In terms of the separation concept, vacuum cleaners without filter bags and vacuum cleaners with filter bags can be distinguished. These apparatuses each have typical advantages and disadvantages.

Vacuum cleaners with filter bags are characterized by a high air flow. When the filter bag is increasingly filled, however, the air flow is reduced to a higher or lesser degree. Until about the year 2000, filter bags made of paper were primarily used. When testing the reduction of the maximum air flow with a partially filled dust container analogous to EN 60312, such paper filter bags show an air stream drop of about 80% (or 60% when using an inner tissue, respectively). Filter bags with non-woven material layers subsequently began slowly establishing themselves. Filter bags with non-woven material layers having a low dust collecting capacity were first used (SMS filter bag). With the introduction of filter bags made of non-woven materials having a capacity layer, this drop of air flow could be significantly reduced (see EP 0 960 645). When testing the reduction of the maximum air flow with a partially filled dust container analogous to EN 60312, such filter bags show an air stream drop of about 30%. Further improvements were achieved with pre-filtration using loose fibers in the bag (DE 10 2007 060 747, DE 20 2007 010 692 and WO 2005/060 807), or pre-separation by a bag in a bag (WO 2010/000453, DE 20 2009 002 970 U1 and DE 20 2006 016 303 U1). Flow deflections or flow distributions in the filter bag are proposed in EP 1915 938, DE 20 2008 016 300, DE 20 2008 007 717 U1 (dust holding insert), DE 20 2006 019 108 U1, DE 20 2006 016 304 U1, EP 1 787 560 and EP 1 804 635. When testing the reduction of the maximum air flow with a partially filled dust container analogous to EN 60312, an air flow drop of about 15% can be obtained with such filter bags. Further improvement of the constancy of the suction capacity is therewith achieved. European patent applications 10002964.4, 10163463.2, and 10163462.2 disclose improved dust-holding capacity by pleating the filter material or by providing the filter bag with so-called surface folds. European patent application 10009351.7 shows how optimized positioning of the bag in the vacuum cleaner can improve the constancy of the suction capacity. When testing the reduction of the maximum air flow with a partially filled dust container analogous to EN 60312, such filter bags show an air stream drop of about 5%.
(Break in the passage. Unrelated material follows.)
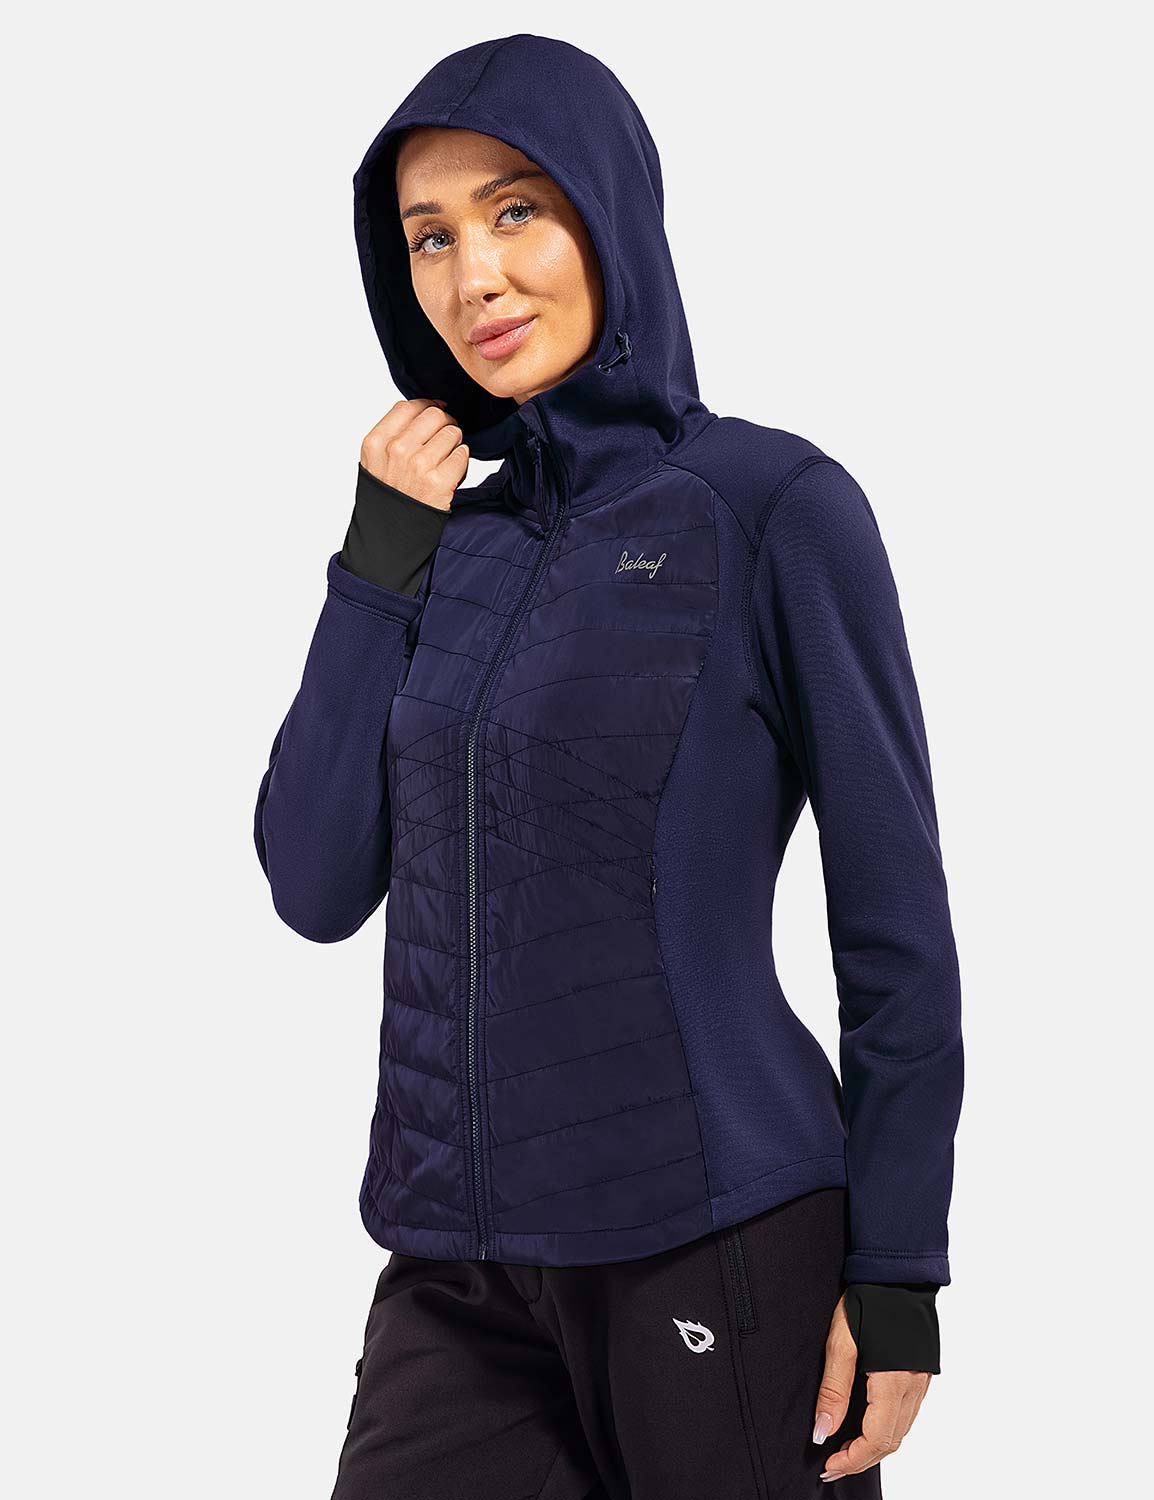 Baleaf Women's Triumph Thermal Water-Resistant Hooded Jacket cga030 Peacoat Side
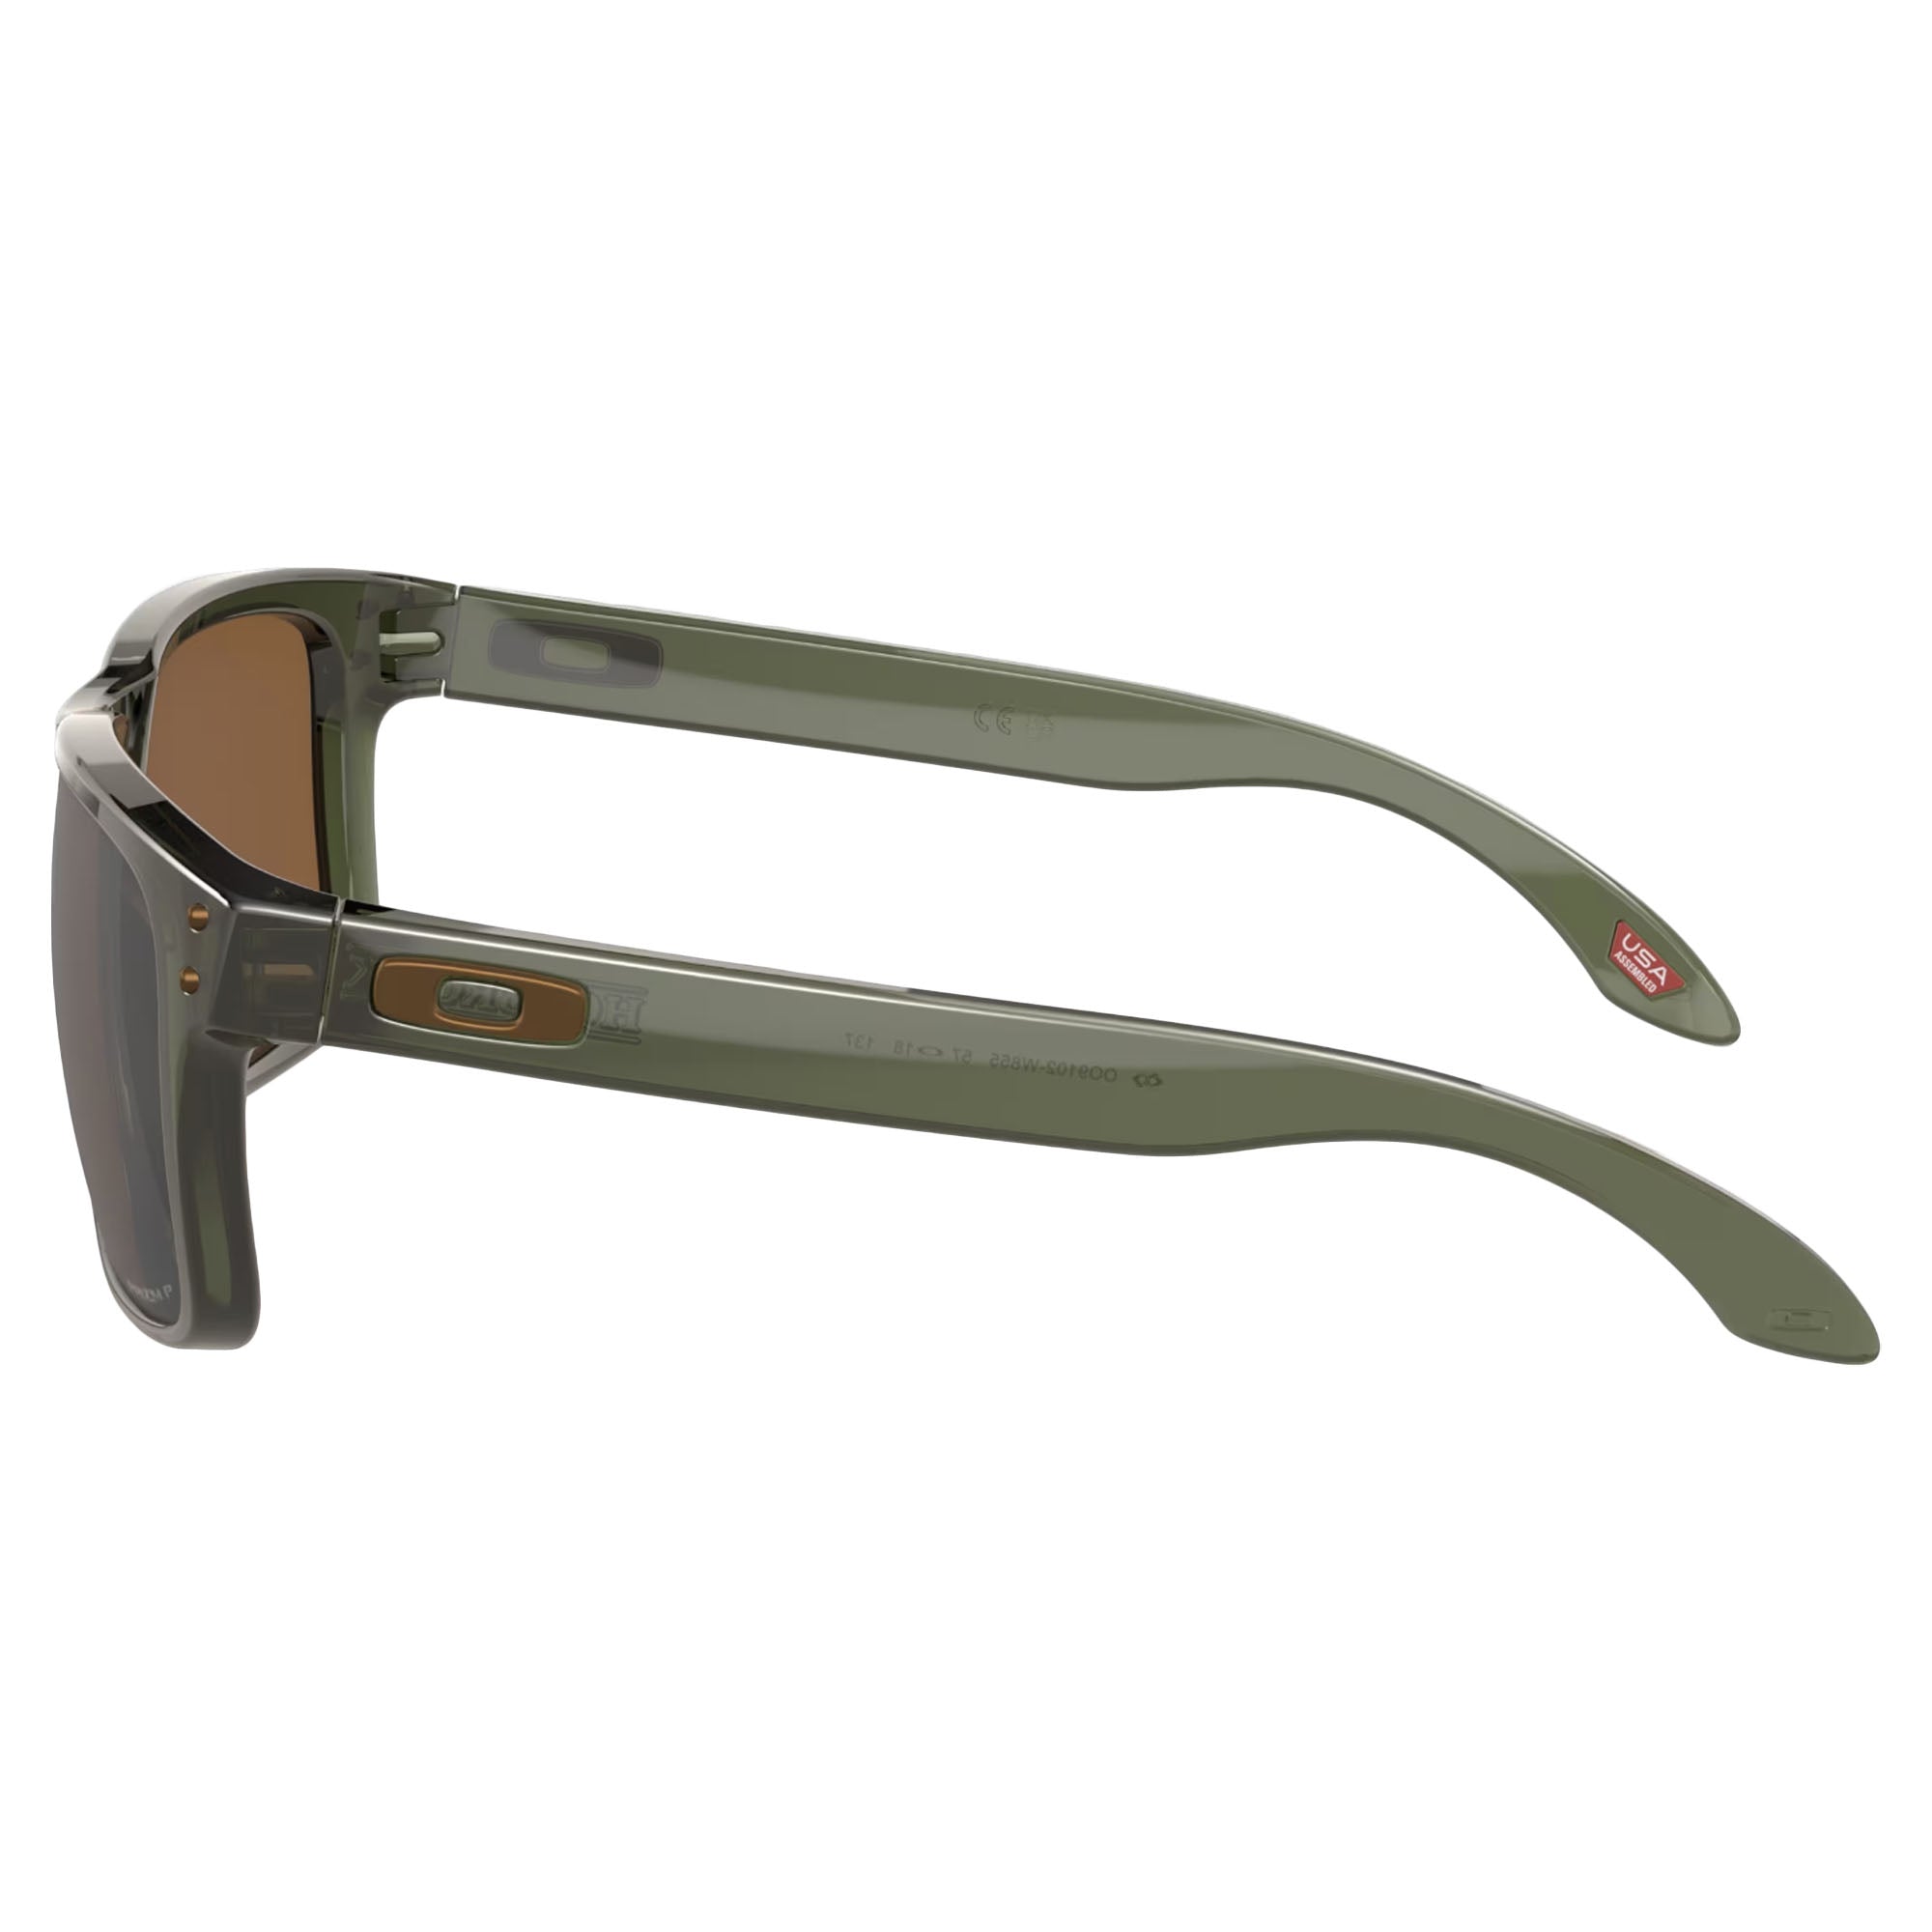 Oakley OO9102-W855 Men's OO9102 Holbrook Square Sunglasses

With regard to the hygienic disposal of the dust sucked up, holding plates have been developed with which the filter bag is manually, semi-automatically or automatically sealed prior to removal from the vacuum cleaner (e.g., EP 2 012 640).

Bagless vacuum cleaners—in particular cyclone vacuum cleaners—are indeed characterized by the air flow remaining substantially constant when the dust collection container fills with dust. The constant air flow of a cyclone vacuum cleaner is at a first glance an advantage compared to vacuum cleaners with filter bags that clog to a greater or lesser degree when the filter bag is increasingly filled, whereby the air flow is reduced accordingly. This, however, is offset by a very high electric nominal rated input of the cyclone vacuum cleaners. This high rated input is required due to the high losses being caused by the separation principle, namely the loss for maintaining the high rotational speed of the dust-laden air in the cyclone separator.

It was by combining multiple cyclone separators to multistage cyclones attempted to increase the degree of efficiency and the separation performance (EP 0042723). An air flow of 33 l/s can be achieved with such vacuum cleaning apparatuses. However, this is offset by a nominal rated input of over 2000 W. With cyclone vacuum cleaners having an electrical rated input of 1400 W, an air flow of 25 l/s can be realized.

With conventional vacuum cleaning apparatuses having filter bags, an air flow of about 40 l/s can nowadays be achieved with newly inserted and unfilled filter bags. Such vacuum cleaners have a nominal rated input of about 1300 W.

However, the air flow is greatly reduced when filled with dust, as can be seen in FIG. 3 FIG. 3 shows the reduction of the air flow in relation to the quantity of DMT 8 dust sucked in analogous to EN 60312 for known apparatuses with filter bags (for example, Miele S5210 with a nominal electrical rated input of 2200 W and various filter bags made of nonwoven material), and without filter bags (Dyson DC23 alergy with a nominal electrical rated input of 1400 W).

In addition to the improvements to the filter bags, there are some approaches for vacuum cleaners with filter bags to achieve a constant air flow by using an electronic control device.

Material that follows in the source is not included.